This post is the 5 part of 10 in the series. Performance tuning
Reading Time: 13 minutes

Hello people,
All right with you ??

In this post, which will be the blog's 200 number, I would like to talk about two subjects that I particularly like about SQL Server, which is the creation of .NET (CLR) routines within the SQL Server database and performance tuning.

Coincidental or not, my post number 100 was the Introduction to SQL Common Language Runtime (CLR) in SQL Server, which was my first blog post about the CLR.

My intention in this post, is to demonstrate the performance gain that can be obtained by using Scalar functions of the CLR instead of the Scalar function written in T-SQL (UDF - User Defined Function). In the tests carried out, the vast majority of the T-SQL functions that were migrated to CLR functions have a great performance gain simply due to the optimizations of the Microsoft .NET Framework compared to the SQL Server engine.

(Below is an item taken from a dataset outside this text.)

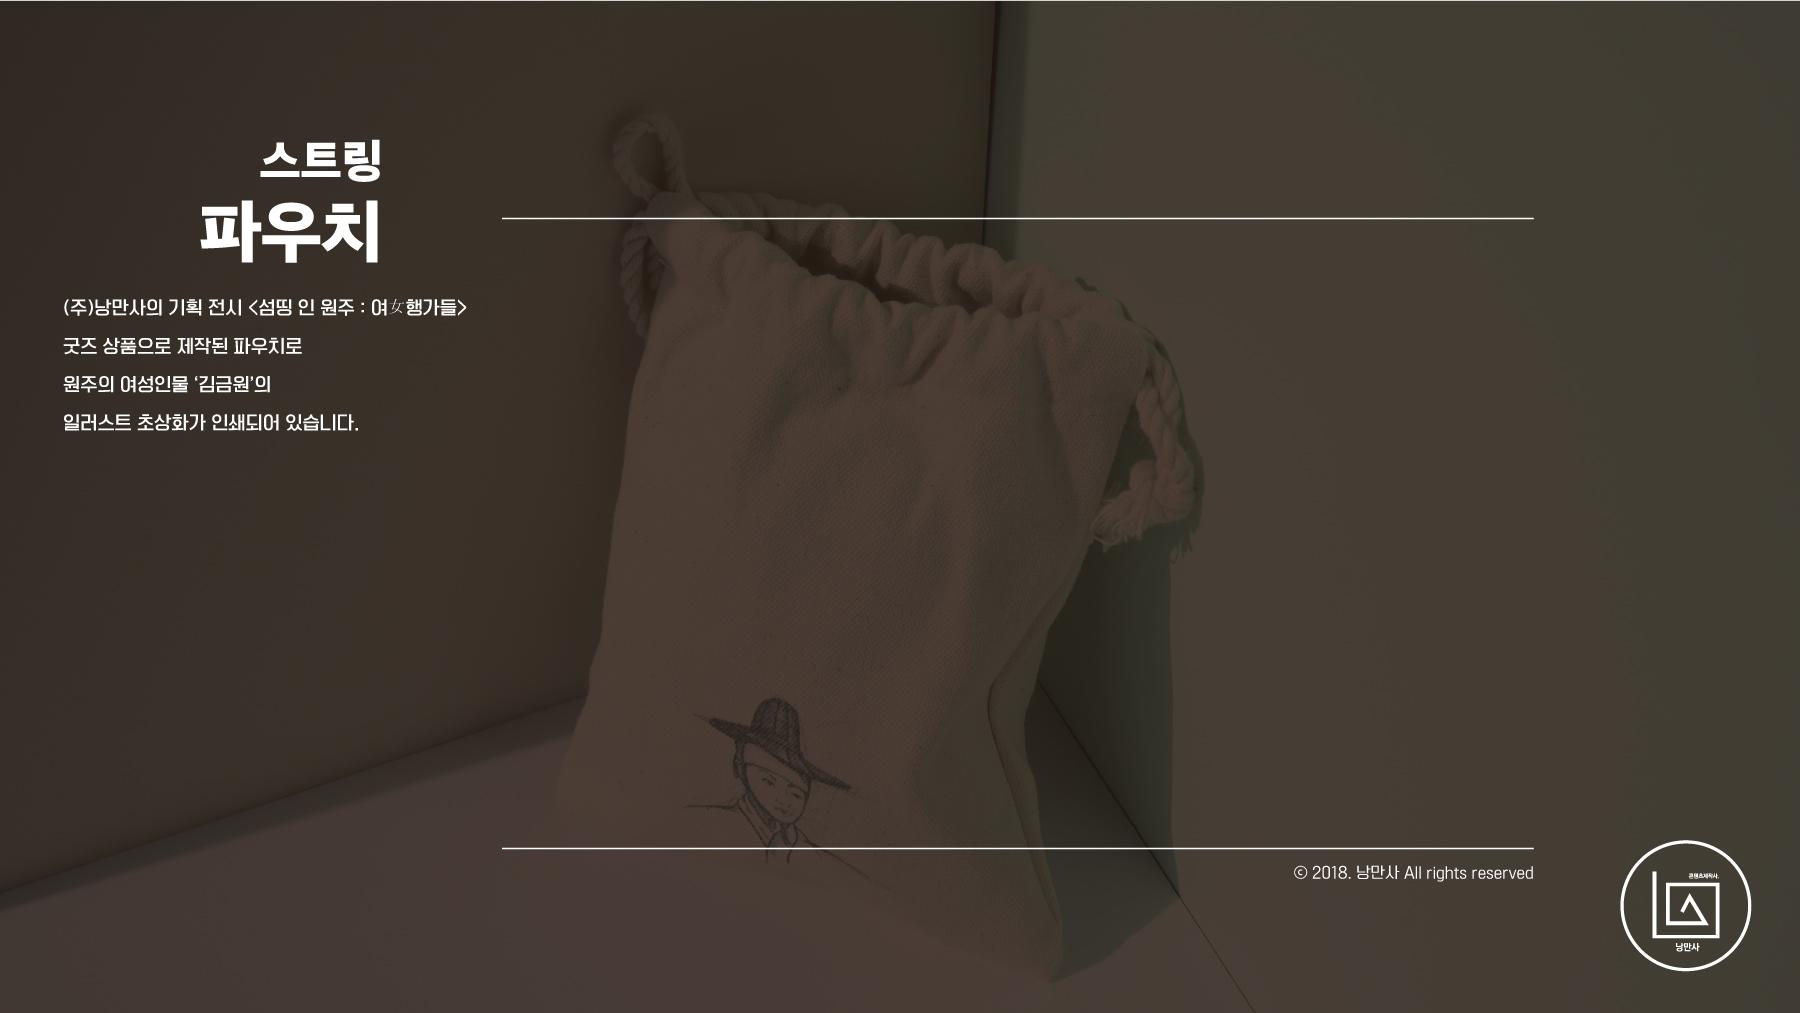 일러스트 스트링 파우치 - 낭만사, 4,500원, 다용도파우치, 끈/주머니형

In many situations, we see that indexes are created correctly, statistics updated, and without having to rewrite the query, you can achieve a great performance gain by simply changing the programming language of scalar functions.

Will CLR function always be better?

Some may have some questions about the performance of scalar functions of the CLR, which I will clarify:

- Will the scalar functions of the CLR always perform better than functions?
Certainly not! I've done a lot of tests comparing different functions, for different purposes and from my experience, the scalar functions written in C # on CLR do have a better performance, but I've seen some cases where even optimizing the code to the maximum, the function T-SQL performs better.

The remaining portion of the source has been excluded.